257982 – REGRESSION(262585@main): Potential null dereference of cached images in MemoryCache::destroyDecodedDataForAllImages()

Bug 257982 - REGRESSION(262585@main): Potential null dereference of cached images in MemoryCache::destroyDecodedDataForAllImages()

Summary: REGRESSION(262585@main): Potential null dereference of cached images in Memor...

Status:	RESOLVED FIXED

Alias:	None

Product:	WebKit
Classification:	Unclassified
Component:	Images (show other bugs)
Version:	WebKit Nightly Build
Hardware:	Unspecified Unspecified

Importance:	P2 Normal
Assignee:	Said Abou-Hallawa

URL:
Keywords:	InRadar

Depends on:
Blocks:

Reported:	2023-06-12 14:57 PDT by Said Abou-Hallawa
Modified:	2023-06-12 17:12 PDT (History)
CC List:	2 users (show)

See Also:	257968

Attachments
Add an attachment (proposed patch, testcase, etc.)

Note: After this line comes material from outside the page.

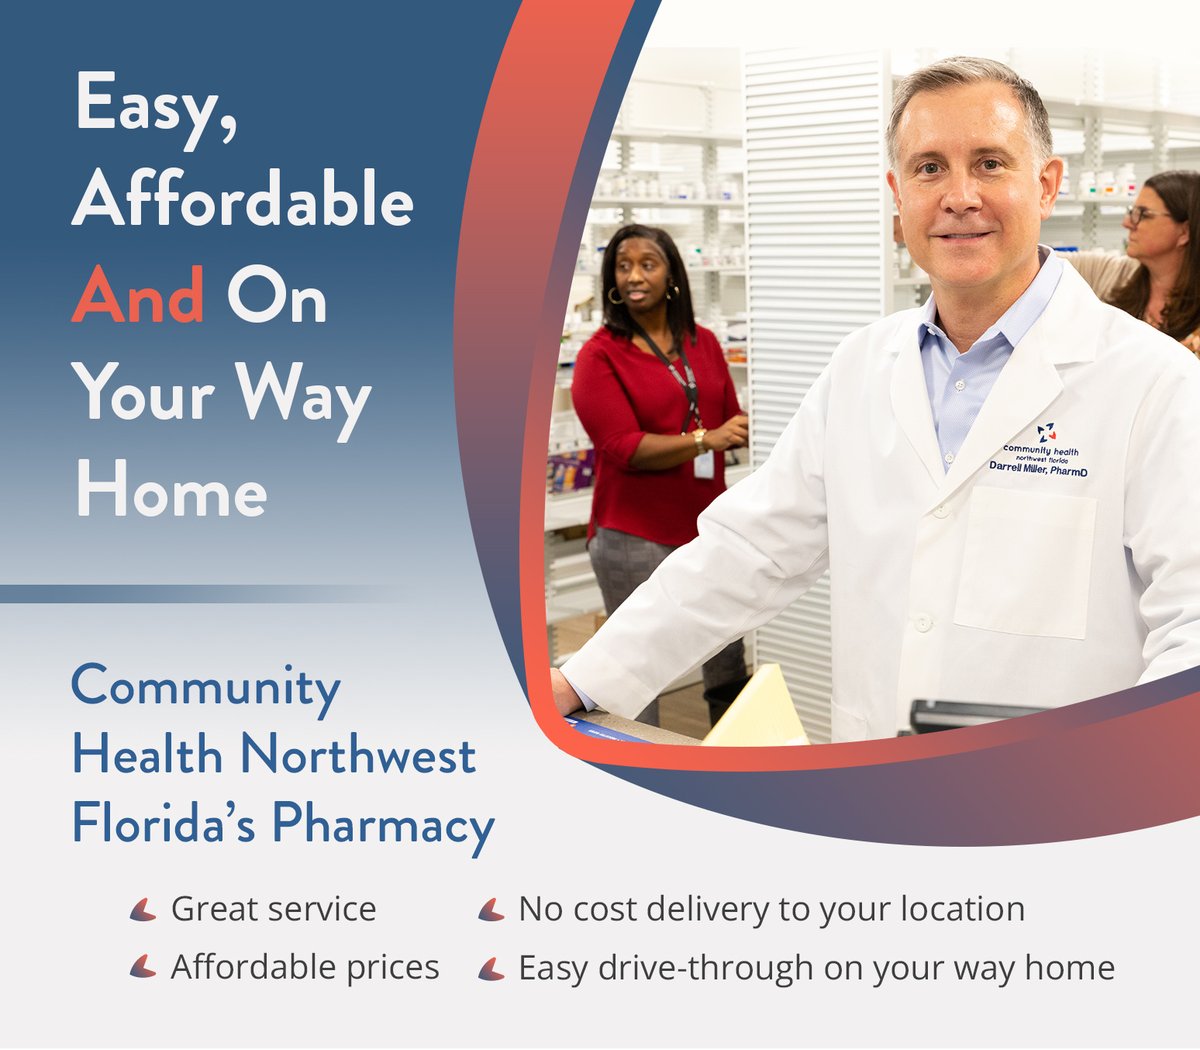 Community Health Northwest Florida's Pharmacy on Palafox Street is open to everyone. AND... when you fill your prescriptions at Community Health Northwest Florida's Pharmacy, you are supporting community programs. 🏢1400 N. Palafox Street Pensacola 📱 850.433.2165 #Pharmacy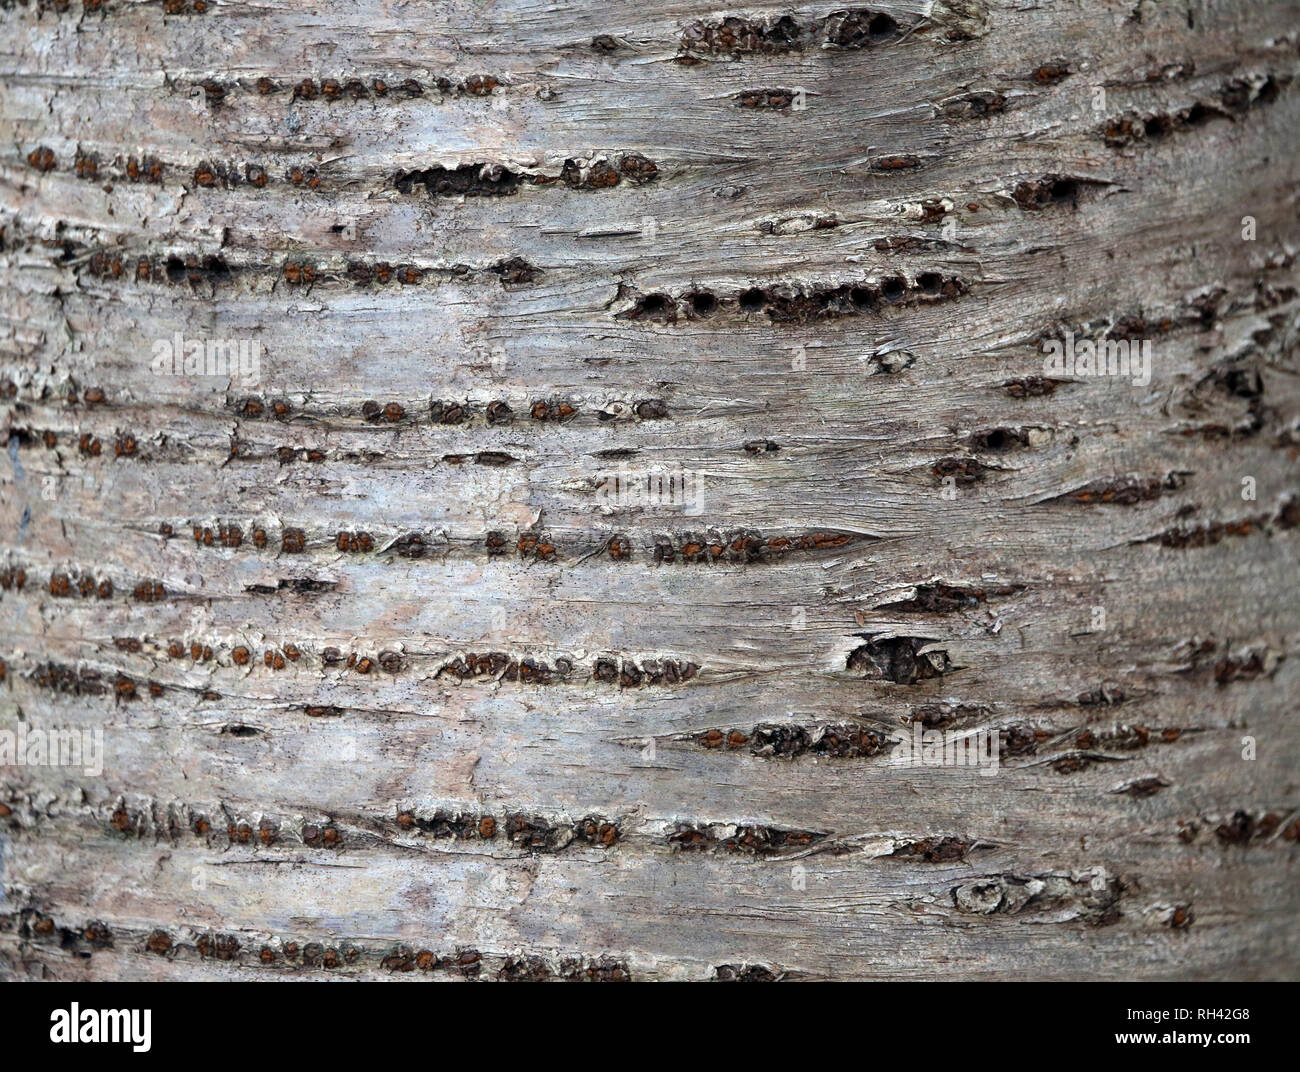 texture and pattern of tree bark Stock Photo

Note You need to log in before you can comment on or make changes to this bug.

Description Said Abou-Hallawa 2023-06-12 14:57:43 PDT

When the WebProcess cleanup timer fires, MemoryCache may try to release the decoded data of an already deleted CachedImage. MemoryCache stores the list of cached resources as WeakPtrs. So we need to null check these WeakPtrs in forEachResource() before using them.

Comment 1 Said Abou-Hallawa 2023-06-12 14:58:13 PDT

rdar://110339514

Comment 2 Said Abou-Hallawa 2023-06-12 15:31:14 PDT

Pull request: https://github.com/WebKit/WebKit/pull/14890

Comment 3 EWS 2023-06-12 17:12:23 PDT

Committed 265093@main (1fc9a2418bc9): <https://commits.webkit.org/265093@main>

Reviewed commits have been landed. Closing PR #14890 and removing active labels.